The second group of people: dumb, unclear mouth, etc. (or people who like typing). The user inputs text by a keyboard of a text input device 11, the text information is displayed on an LCD display 12 through a singlechip 2 on one hand, and is translated into another language text of Chinese and English after being connected with a wireless network through a wireless transceiver and also displayed on the LCD display 12, the text of the language to be synthesized is selected and controlled through keys on the text input device 11 or a switch 7, the text signal of the language to be synthesized is input into an FPGA6 through the singlechip, the emotion voice parameter signal of the language to be synthesized is synthesized through a Chinese-English bilingual cross-language emotion voice synthesis system based on the FPGA (which is composed of a voice synthesis system loaded in the FPGA, an SD card 5 and a voice parameter generator 9), and the synthesized emotion voice parameter signal of the target language is transmitted to a loudspeaker 10 to play the synthesized emotion voice of the target language.

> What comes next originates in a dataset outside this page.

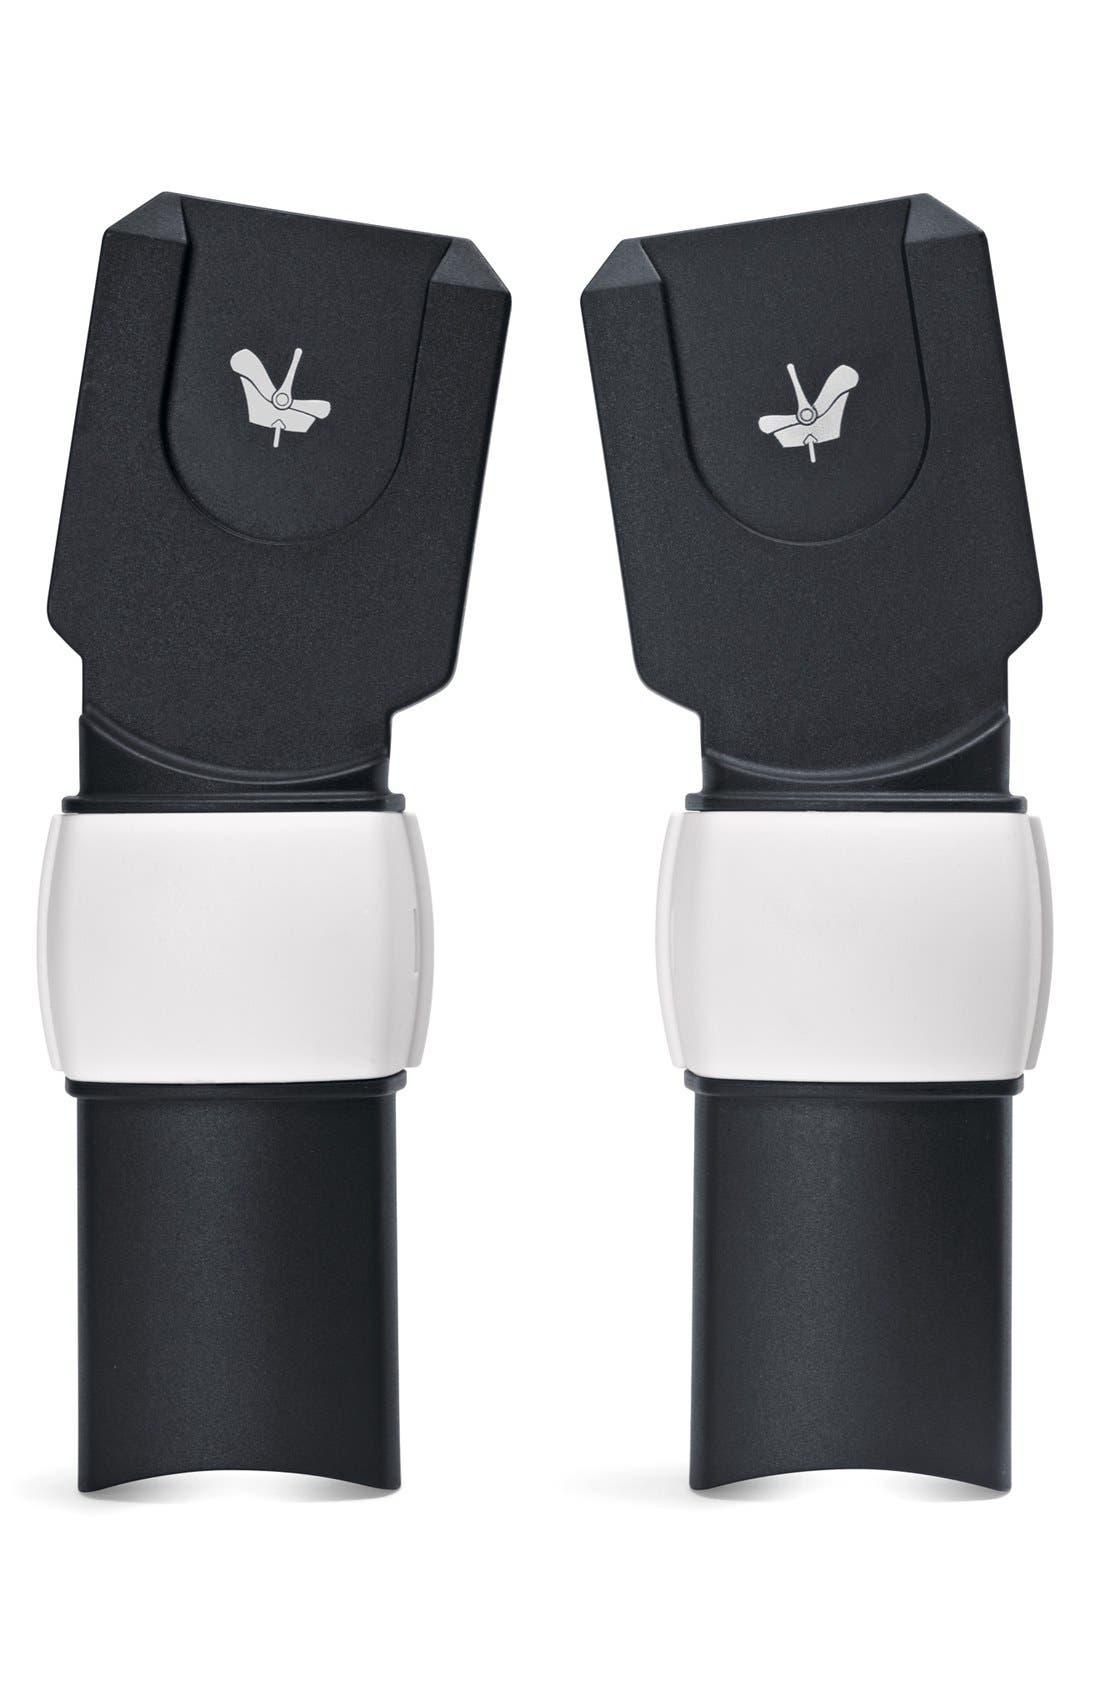 Bugaboo 'Buffalo' Maxi Cosi Car Seat Adaptors

The schematic flow chart of the FPGA realization of the Chinese-English bilingual cross-language emotion voice synthesis in the Chinese-English bilingual cross-language emotion voice synthesis device of the invention is shown in FIG. 3. Firstly, the FPGA emotion voice synthesis system selects Chinese emotion voice material similar to speaker style from 11 emotion Chinese emotion corpus in SD card 5 according to speaker voice signal input by microphone 4, trains Chinese speaker related target emotion average acoustic model, then selects neutral target language (Chinese or English) voice material from SD card according to-be-synthesized language text input by single chip microcomputer 2, trains target language speaker related neutral average acoustic model of to-be-synthesized text, and transplants target emotion of Chinese speaker related target emotion average acoustic model similar to speaker style to target language speaker related to-be-synthesized language text In the neutral average acoustic model, a target emotion average acoustic model related to a target language speaker of a language text to be synthesized is obtained, a voice parameter signal is generated through a voice parameter generator 9, and then the voice parameter signal is transmitted to a loudspeaker 9 to generate target emotion voice of the language to be synthesized.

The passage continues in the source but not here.